__Instructions for the task__.
Every entry must be duplicated word for word.
═══ Records for processing ═══
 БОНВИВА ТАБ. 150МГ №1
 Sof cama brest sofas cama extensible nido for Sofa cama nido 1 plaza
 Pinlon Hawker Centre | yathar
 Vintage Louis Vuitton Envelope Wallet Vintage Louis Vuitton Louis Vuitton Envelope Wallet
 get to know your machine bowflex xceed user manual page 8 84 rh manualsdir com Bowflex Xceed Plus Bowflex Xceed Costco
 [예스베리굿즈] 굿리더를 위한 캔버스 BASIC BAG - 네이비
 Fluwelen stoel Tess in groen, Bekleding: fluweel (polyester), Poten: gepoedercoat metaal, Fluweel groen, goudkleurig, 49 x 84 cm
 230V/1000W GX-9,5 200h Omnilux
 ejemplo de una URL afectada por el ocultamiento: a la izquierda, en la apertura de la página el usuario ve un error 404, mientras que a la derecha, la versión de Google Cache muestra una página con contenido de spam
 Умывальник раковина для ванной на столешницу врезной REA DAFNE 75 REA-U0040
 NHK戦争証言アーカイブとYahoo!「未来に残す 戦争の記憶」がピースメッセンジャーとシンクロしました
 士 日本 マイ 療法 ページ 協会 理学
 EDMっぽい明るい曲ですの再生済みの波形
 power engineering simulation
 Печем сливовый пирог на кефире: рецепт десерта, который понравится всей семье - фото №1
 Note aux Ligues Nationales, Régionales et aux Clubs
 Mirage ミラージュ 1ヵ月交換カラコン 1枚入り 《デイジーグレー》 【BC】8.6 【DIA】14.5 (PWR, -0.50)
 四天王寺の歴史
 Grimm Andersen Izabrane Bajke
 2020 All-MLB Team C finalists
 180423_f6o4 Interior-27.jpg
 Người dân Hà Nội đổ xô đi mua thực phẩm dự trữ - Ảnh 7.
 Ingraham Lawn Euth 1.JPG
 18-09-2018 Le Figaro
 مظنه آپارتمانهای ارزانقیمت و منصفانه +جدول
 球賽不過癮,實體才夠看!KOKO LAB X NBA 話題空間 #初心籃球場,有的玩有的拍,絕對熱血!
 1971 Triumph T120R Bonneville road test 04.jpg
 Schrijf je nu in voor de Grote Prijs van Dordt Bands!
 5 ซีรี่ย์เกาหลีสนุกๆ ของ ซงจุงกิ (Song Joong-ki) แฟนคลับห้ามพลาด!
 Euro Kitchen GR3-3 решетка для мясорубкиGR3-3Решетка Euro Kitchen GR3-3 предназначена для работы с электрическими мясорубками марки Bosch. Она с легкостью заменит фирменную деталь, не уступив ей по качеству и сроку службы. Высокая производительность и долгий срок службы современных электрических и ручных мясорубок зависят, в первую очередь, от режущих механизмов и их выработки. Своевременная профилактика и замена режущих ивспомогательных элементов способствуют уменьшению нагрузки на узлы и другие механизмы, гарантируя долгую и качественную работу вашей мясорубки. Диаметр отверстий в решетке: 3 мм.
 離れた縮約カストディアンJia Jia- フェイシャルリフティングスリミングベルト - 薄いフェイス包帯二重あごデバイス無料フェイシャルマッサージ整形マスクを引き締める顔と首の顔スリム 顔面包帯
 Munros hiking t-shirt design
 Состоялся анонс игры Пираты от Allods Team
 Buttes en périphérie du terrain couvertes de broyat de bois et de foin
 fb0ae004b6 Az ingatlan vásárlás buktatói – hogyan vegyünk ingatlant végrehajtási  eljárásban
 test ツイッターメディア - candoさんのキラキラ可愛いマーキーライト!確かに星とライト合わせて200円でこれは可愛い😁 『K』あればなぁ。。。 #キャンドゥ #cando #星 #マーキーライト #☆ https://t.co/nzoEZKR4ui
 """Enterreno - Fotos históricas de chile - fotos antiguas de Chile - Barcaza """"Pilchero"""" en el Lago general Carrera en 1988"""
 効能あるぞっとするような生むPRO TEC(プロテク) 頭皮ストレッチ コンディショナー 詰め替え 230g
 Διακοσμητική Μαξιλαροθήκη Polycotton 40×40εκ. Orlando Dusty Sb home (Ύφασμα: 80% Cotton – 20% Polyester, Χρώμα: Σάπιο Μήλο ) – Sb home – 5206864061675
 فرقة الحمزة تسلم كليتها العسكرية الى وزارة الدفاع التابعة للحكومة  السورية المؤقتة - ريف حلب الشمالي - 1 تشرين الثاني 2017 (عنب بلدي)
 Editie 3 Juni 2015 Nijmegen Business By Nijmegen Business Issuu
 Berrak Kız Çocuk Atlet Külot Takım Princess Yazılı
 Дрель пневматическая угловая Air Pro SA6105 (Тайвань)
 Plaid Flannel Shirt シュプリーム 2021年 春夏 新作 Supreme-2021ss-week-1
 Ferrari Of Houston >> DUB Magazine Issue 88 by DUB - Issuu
═══
__Reply to the exercise__.
 БОНВИВА ТАБ. 150МГ №1
 Sof cama brest sofas cama extensible nido for Sofa cama nido 1 plaza
 Pinlon Hawker Centre | yathar
 Vintage Louis Vuitton Envelope Wallet Vintage Louis Vuitton Louis Vuitton Envelope Wallet
 get to know your machine bowflex xceed user manual page 8 84 rh manualsdir com Bowflex Xceed Plus Bowflex Xceed Costco
 [예스베리굿즈] 굿리더를 위한 캔버스 BASIC BAG - 네이비
 Fluwelen stoel Tess in groen, Bekleding: fluweel (polyester), Poten: gepoedercoat metaal, Fluweel groen, goudkleurig, 49 x 84 cm
 230V/1000W GX-9,5 200h Omnilux
 ejemplo de una URL afectada por el ocultamiento: a la izquierda, en la apertura de la página el usuario ve un error 404, mientras que a la derecha, la versión de Google Cache muestra una página con contenido de spam
 Умывальник раковина для ванной на столешницу врезной REA DAFNE 75 REA-U0040
 NHK戦争証言アーカイブとYahoo!「未来に残す 戦争の記憶」がピースメッセンジャーとシンクロしました
 士 日本 マイ 療法 ページ 協会 理学
 EDMっぽい明るい曲ですの再生済みの波形
 power engineering simulation
 Печем сливовый пирог на кефире: рецепт десерта, который понравится всей семье - фото №1
 Note aux Ligues Nationales, Régionales et aux Clubs
 Mirage ミラージュ 1ヵ月交換カラコン 1枚入り 《デイジーグレー》 【BC】8.6 【DIA】14.5 (PWR, -0.50)
 四天王寺の歴史
 Grimm Andersen Izabrane Bajke
 2020 All-MLB Team C finalists
 180423_f6o4 Interior-27.jpg
 Người dân Hà Nội đổ xô đi mua thực phẩm dự trữ - Ảnh 7.
 Ingraham Lawn Euth 1.JPG
 18-09-2018 Le Figaro
 مظنه آپارتمانهای ارزانقیمت و منصفانه +جدول
 球賽不過癮,實體才夠看!KOKO LAB X NBA 話題空間 #初心籃球場,有的玩有的拍,絕對熱血!
 1971 Triumph T120R Bonneville road test 04.jpg
 Schrijf je nu in voor de Grote Prijs van Dordt Bands!
 5 ซีรี่ย์เกาหลีสนุกๆ ของ ซงจุงกิ (Song Joong-ki) แฟนคลับห้ามพลาด!
 Euro Kitchen GR3-3 решетка для мясорубкиGR3-3Решетка Euro Kitchen GR3-3 предназначена для работы с электрическими мясорубками марки Bosch. Она с легкостью заменит фирменную деталь, не уступив ей по качеству и сроку службы. Высокая производительность и долгий срок службы современных электрических и ручных мясорубок зависят, в первую очередь, от режущих механизмов и их выработки. Своевременная профилактика и замена режущих ивспомогательных элементов способствуют уменьшению нагрузки на узлы и другие механизмы, гарантируя долгую и качественную работу вашей мясорубки. Диаметр отверстий в решетке: 3 мм.
 離れた縮約カストディアンJia Jia- フェイシャルリフティングスリミングベルト - 薄いフェイス包帯二重あごデバイス無料フェイシャルマッサージ整形マスクを引き締める顔と首の顔スリム 顔面包帯
 Munros hiking t-shirt design
 Состоялся анонс игры Пираты от Allods Team
 Buttes en périphérie du terrain couvertes de broyat de bois et de foin
 fb0ae004b6 Az ingatlan vásárlás buktatói – hogyan vegyünk ingatlant végrehajtási  eljárásban
 test ツイッターメディア - candoさんのキラキラ可愛いマーキーライト!確かに星とライト合わせて200円でこれは可愛い😁 『K』あればなぁ。。。 #キャンドゥ #cando #星 #マーキーライト #☆ https://t.co/nzoEZKR4ui
 """Enterreno - Fotos históricas de chile - fotos antiguas de Chile - Barcaza """"Pilchero"""" en el Lago general Carrera en 1988"""
 効能あるぞっとするような生むPRO TEC(プロテク) 頭皮ストレッチ コンディショナー 詰め替え 230g
 Διακοσμητική Μαξιλαροθήκη Polycotton 40×40εκ. Orlando Dusty Sb home (Ύφασμα: 80% Cotton – 20% Polyester, Χρώμα: Σάπιο Μήλο ) – Sb home – 5206864061675
 فرقة الحمزة تسلم كليتها العسكرية الى وزارة الدفاع التابعة للحكومة  السورية المؤقتة - ريف حلب الشمالي - 1 تشرين الثاني 2017 (عنب بلدي)
 Editie 3 Juni 2015 Nijmegen Business By Nijmegen Business Issuu
 Berrak Kız Çocuk Atlet Külot Takım Princess Yazılı
 Дрель пневматическая угловая Air Pro SA6105 (Тайвань)
 Plaid Flannel Shirt シュプリーム 2021年 春夏 新作 Supreme-2021ss-week-1
 Ferrari Of Houston >> DUB Magazine Issue 88 by DUB - Issuu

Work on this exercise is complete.